Une première évaluation de la ville vient confirmer les rapports préalables : contrairement aux régions côtières du nord, Pemba a peu souffert des vents violents. Malheureusement, les pluies diluviennes qui se sont abattues dans le sillage du cyclone Kenneth menacent ses quelque 200 000 habitants. « Cela fait cinq jours qu’il pleut sans arrêt », raconte Ana de l’équipe Food for the Hungry. En sillonnant la ville en voiture sous cette pluie incessante, Ana constate que la partie basse érigée le long de la côte est complètement inondée. Le sol étant saturé d’eau, les glissements de terrain se multiplient, emportant sur leur passage des quartiers tout entiers.
Pour mieux comprendre la situation, nous décidons de nous rendre dans l’un des centres de gestion du sinistre mis en place par les pouvoirs publics. Pendant le passage du cyclone et les averses qui ont suivi, la population des quartiers à risque s’est réfugiée dans les écoles, mais en l’absence d’accalmie au bout de quelques jours, les autorités ont décidé de reloger les familles dans d’autres centres pour que les cours puissent reprendre. Le plus grand centre d’hébergement est installé dans un bâtiment appelé « 10e congrès », qui sert d’habitude de salle de réunion et de conférence pour les autorités locales. À notre arrivée, des dizaines d’enfants pieds nus viennent vers moi en courant sous la pluie battante.
Celestina, 6 ans, se tient sous la pluie devant l’un des centres d’hébergement mis en place à Pemba, au Mozambique. 20 avril 2019.
En nous voyant, Francisco, le directeur du centre, interrompt sa discussion avec l’équipe de Médecins Sans Frontières venue installer un système de traitement des eaux. « La semaine dernière, nous avons accueilli plus de 800 personnes, et ce nombre augmente d’heure en heure », m’explique-t-il. « Nous faisons tout notre possible. Désormais, six familles logent dans chaque pièce », dit-il en me montrant les espaces confinés dans lesquels les personnes recueillies dorment à même le sol. « Les victimes ont tout perdu », ajoute-t-il.
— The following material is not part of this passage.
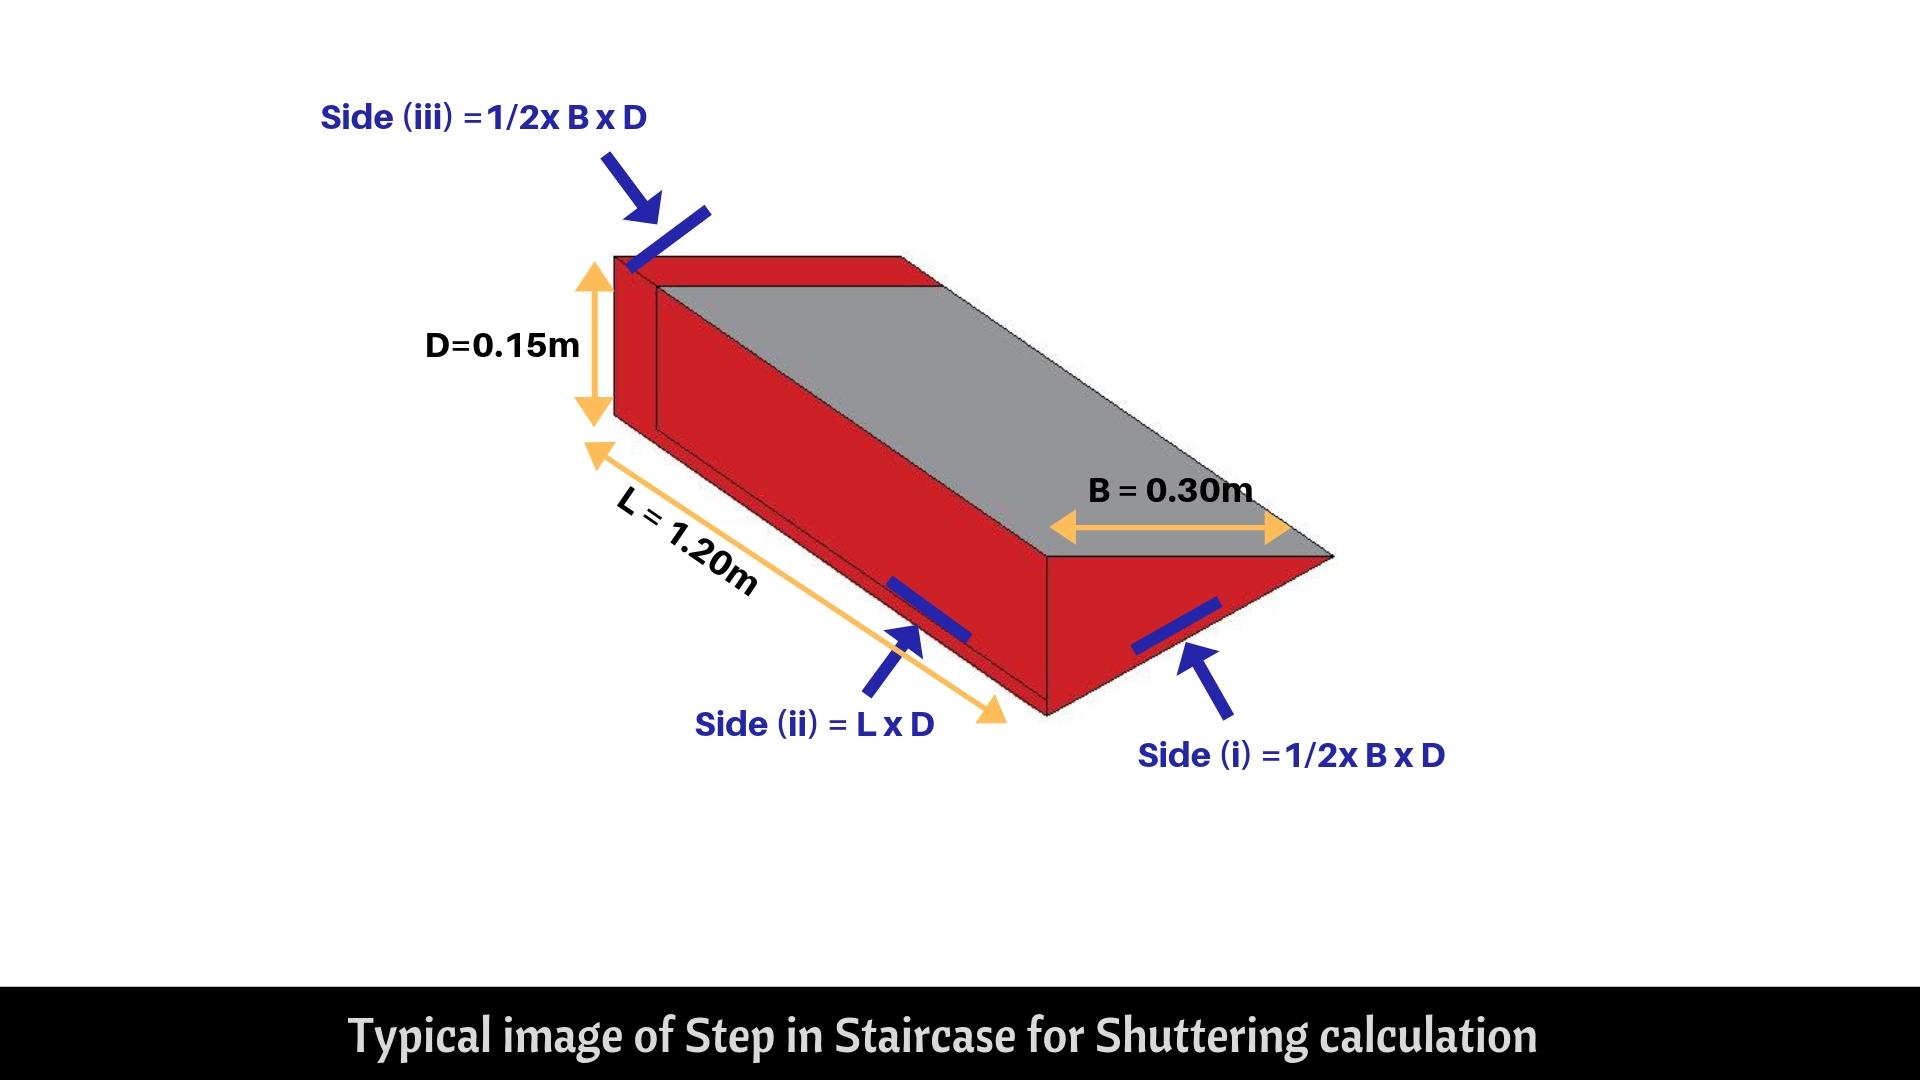 Step Shuttering area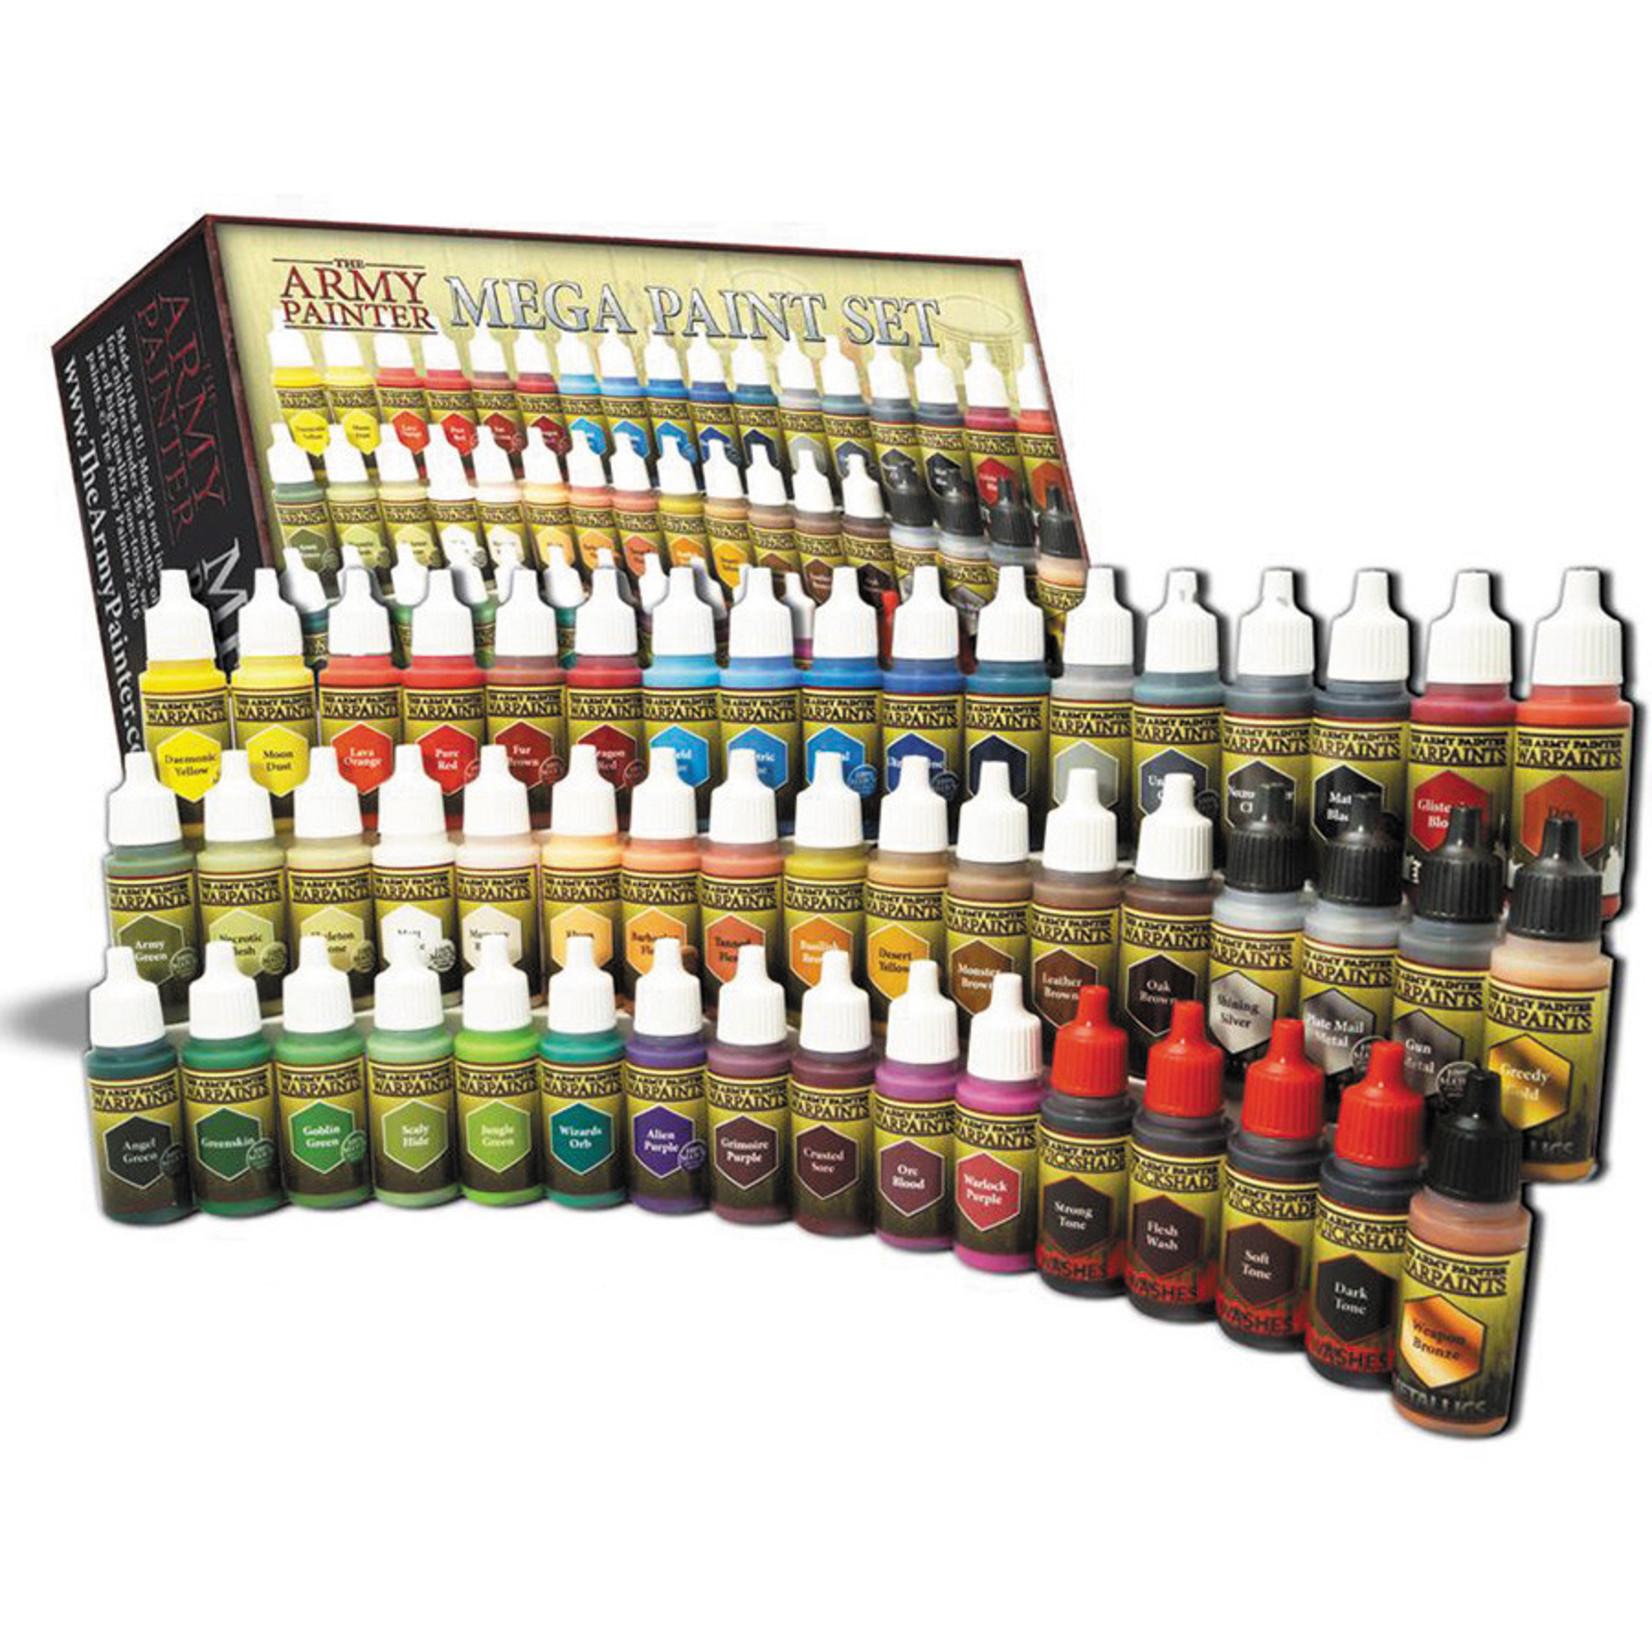 Army Painter Army Painter Mega Paint Set 2017

Les habitants de deux quartiers (ou « bairros ») de la ville dévastés par les pluies, les inondations et les glissements de terrain sont hébergés dans ce centre. Tina Mahando, du bairro Chibabari, raconte : « Nous avions peur qu’une violente rafale emporte nos maisons. On était prévenu de l’arrivée du cyclone. Heureusement, le vent était finalement moins fort que nous l’avions craint et nos maisons ont tenu le coup. Nous pensions être hors de danger, mais le lendemain, la pluie s’est mise à tomber de plus en plus fort, jusqu’à ce que nous entendions une sorte de rugissement : nous avons vu des flots de boue et de « lingera » dévaler la colline en emportant tout sur leur passage », décrit-elle. (J’ai demandé à plusieurs reprises le sens du mot « lingera », mais personne ne parle anglais et malgré mes efforts pour déchiffrer le portugais, je n’ai pas compris sa signification.) « Nous sommes partis dans l’urgence, sans rien emporter. Il n’y avait rien d’autre à faire. J’ai pris les enfants dans mes bras et je me suis mise à courir. » Plus de 130 familles hébergées dans ce centre ont tout perdu. « Maison, vêtements, ustensiles de cuisine… tout a été emporté », insiste Tina. « On ne sait pas où aller. Ici, on se sent en sécurité, mais la situation est temporaire. Nous n’avons nulle part ailleurs et nous ne pouvons pas reconstruire là où nous habitions, c’est trop dangereux. La nourriture manque également. Les autorités font ce qu’elles peuvent, mais les rations ne suffisent pas à subvenir aux besoins de tous. »
Tina Mahando prépare le repas pour les personnes logées dans l’un des centres d’hébergement mis sur pied à Pemba (Cabo Delgado), au Mozambique. 30 avril 2019.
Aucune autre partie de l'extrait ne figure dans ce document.